- Directed by: Michelle Ehlen
- Written by: Michelle Ehlen
- Produced by: David Au, Charlie Vaughn
- Starring: Jen McPherson Michelle Ehlen Shaela Cook
- Cinematography: Olivia Kuan
- Edited by: Michelle Ehlen
- Music by: Johnny Harris, Random Order
- Production company: Ballet Diesel Films
- Distributed by: Ariztical Entertainment
- Release date: June 2015;
- Running time: 80 minutes
- Country: United States
- Language: English
- Budget: $30,000 (Approx.)

= S&M Sally =

S&M Sally is a 2015 American comedy-romance film directed by Michelle Ehlen. It stars Jen McPherson, Michelle Ehlen and Shaela Cook. This is the third installment of the "Butch Jamie" series and follows the relationship of the characters Jamie & Jill.

The screenplay by Michelle Ehlen talks about a lesbian couple Jamie and Jill exploring the underground world of S&M while their friends David and Lola compete to see who is cool enough to go through with a threesome.

==Plot==
When Jamie finds out her girlfriend Jill has spent time exploring BDSM, her insecurities about falling behind in the bedroom push her to propose that they start going to underground clubs. Jamie decides to use the pseudonym Sally so she can stay anonymous but still look like she is using her real name, which apparently she thinks makes her look cool. Identifying as the butch one in a traditional butch/femme couple, "Sally" assumes she will take the dominant role in their escapades, with Jill as her submissive, but Jill has ideas of her own.

==Cast==
- Jen McPherson as Jill
- Michelle Ehlen as Jamie
- Shaela Cook as Lola
- Scott Keiji Takeda as David
- Adrian Gonzalez as Sebastian
- Dolly Grey as Melina
- Christopher Callen as Mistress Chyenne
- Shaun Laundry as Princess

==Production==
Michelle Ehlen raised funds on Kickstarter and the whole production worked under micro-budget. The unused funds were donated through this campaign to the L.A. LGBT Center

The film was shot on location in Los Angeles, California, US.

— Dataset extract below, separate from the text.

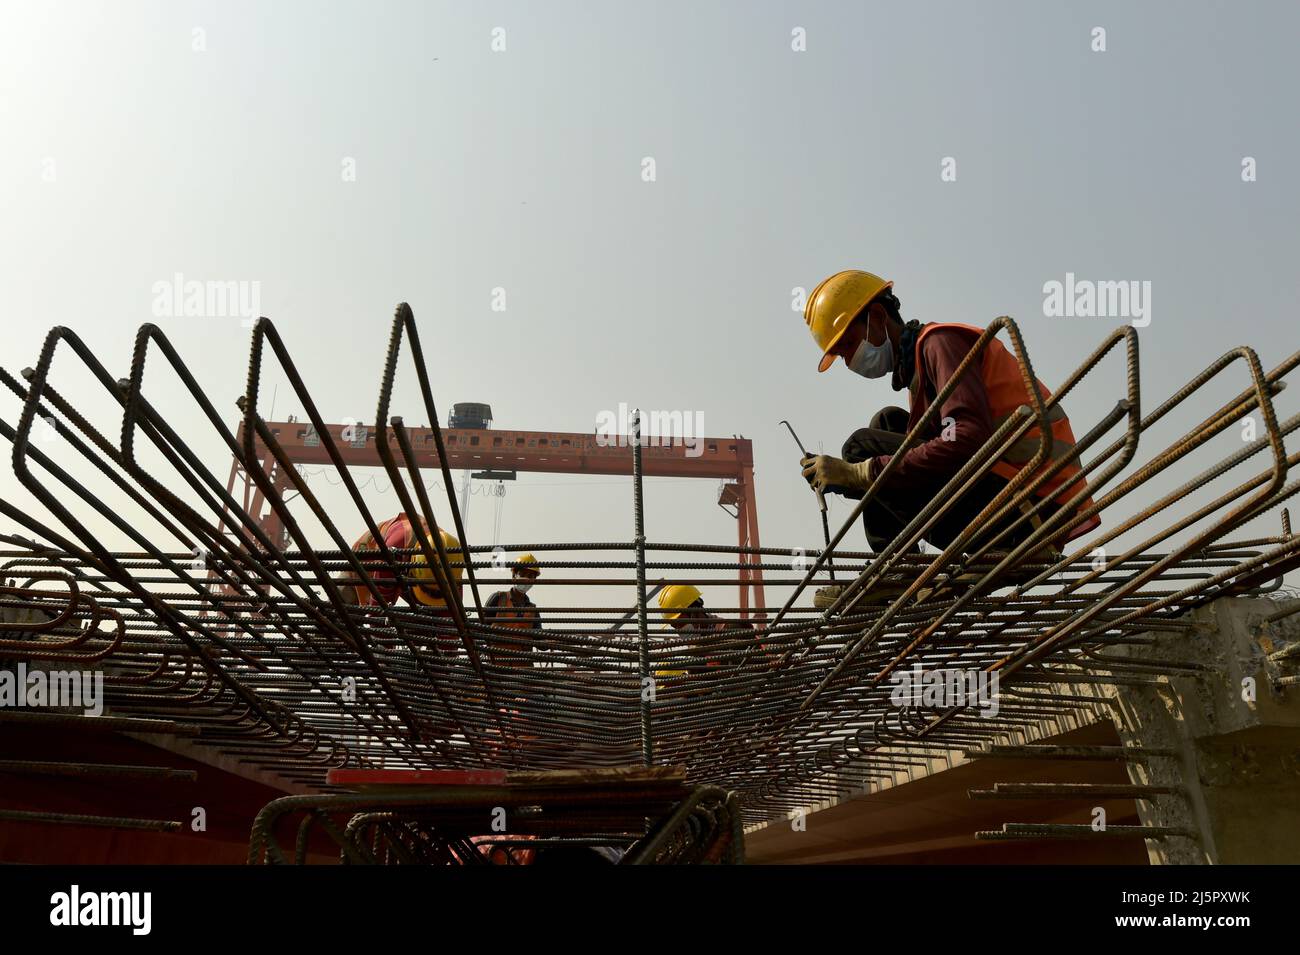 Dhaka. 25th Apr, 2022. Workers tie rebar cages for the First Dhaka Elevated Expressway (FDEE) in Dhaka, Bangladesh, March 17, 2022. TO GO WITH 'Feature: Fast and safe, Sino-Bangladeshi expressway joint venture sees clear road ahead' Credit: Xinhua/Alamy Live News Stock Photo
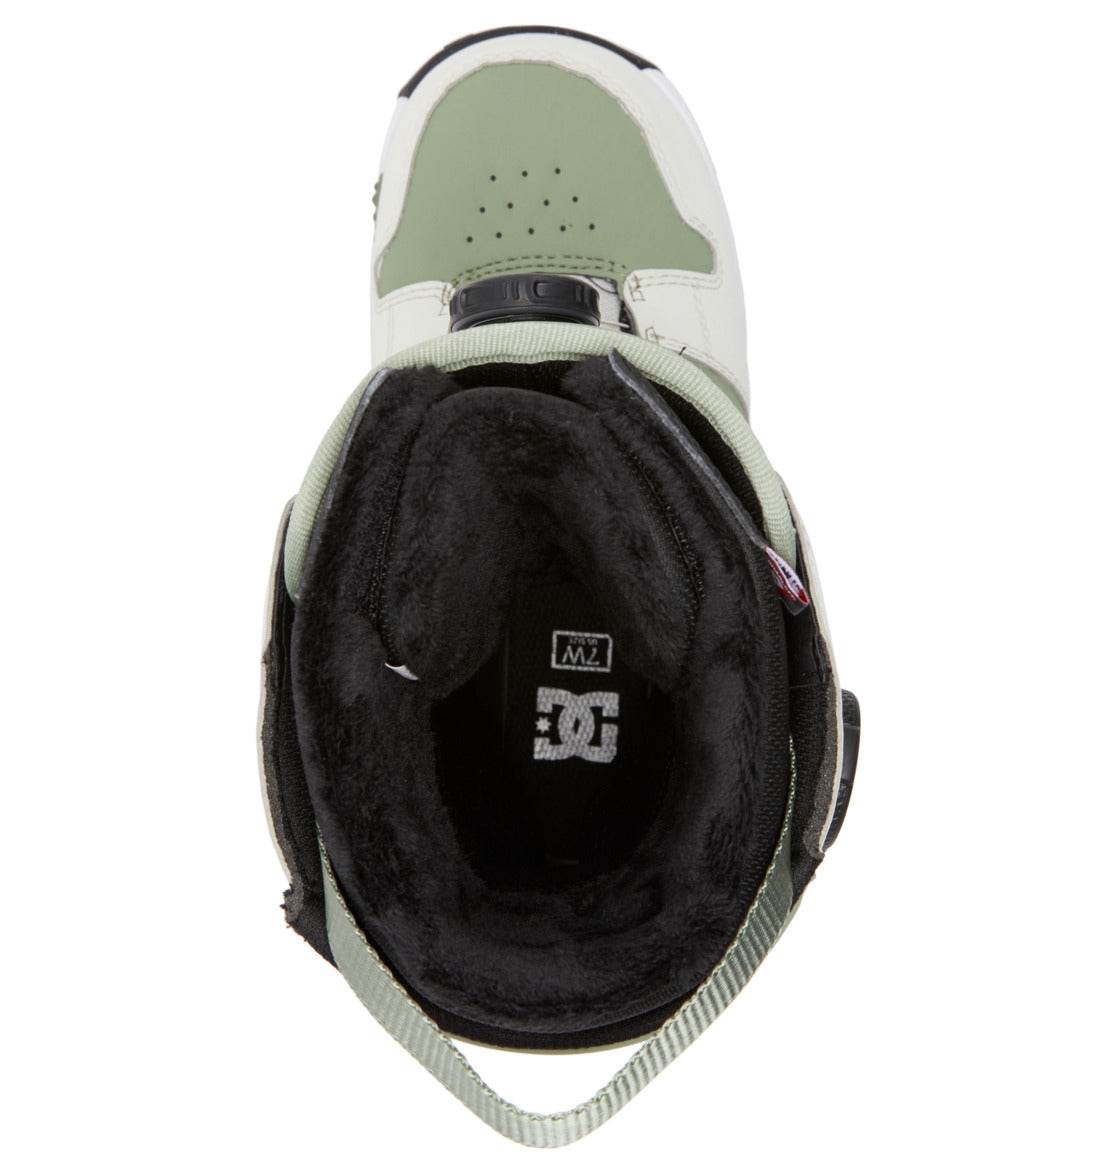 Women&#39;s Phase Pro BOA® Snowboard Boots - DC Shoes

===Principal production credits===
- Producers ..... David Au, Charlie Vaughn
- Original Music ..... Johnny Harris
- Cinematography ..... Olivia Kuan
- Production Design ..... David Monster
- Make-Up Department ..... Crystal Nardico
- Film Editor ..... Michelle Ehlen

==Soundtrack==
The film features a whole score composed by Johnny Harris plus the following tracks:

- "Black Lipstick Kiss"
Written by: 'Lynx Dean'.
Performed by: 'Random Order'. (Best Song In Film Award: Won)

- "Death To Vanilla Sex"
Written by: 'Count Boogie'.
Performed by: 'Count Boogie'.

- "Radioactive"
Written by: 'Kiirstin Marilyn'.
Performed by: 'Kiirstin Marilyn'.

==Critical reception==
The Independent Critic said the film "I loved S&M Sally... A delightfully entertaining and awesomely kinky romp through flogging, electric play, fire play, and life in the dungeon snack room, S&M Sally is about 100 times more entertaining and authentic than the straighter yet far more awkwardly awful 50 Shades drivel."

Dr. Patti Britton posted on Facebook "I highly recommend this film, "S&M Sally" on #BDSM for all sex coaches and sexologists".

"The Curve Magazine" wrote "It's a funny, sexy, genuine romp with minimal gayngst and lots of representation".

===Awards and nominations===
Award wins:
- Jury Award (Special Mention) - International Gay & Lesbian Film Festival, Barcelona, Spain.
- QAward (Best Comedic Feature) - International Gay & Lesbian Film Festival, Fort Worth, TX, USA.
- Jury Prize (Best Feature) - International Gay & Lesbian Film Festival, Philadelphia, USA.
- Audience Award (Best Feature) - International Gay & Lesbian Film Festival, Sacramento, CA, USA.
- Audience Award - Kaleidoscope, The Little Rock LGBT Film Festival, Arkansas, USA.
- Audience Award - Out Film CT, LGBT Film Festival, Connecticut, USA.
- Best Screenplay - QFilms, Long Beach, CA, USA.
- Director's Award - Out Film CT, LGBT Film Festival, Connecticut, USA.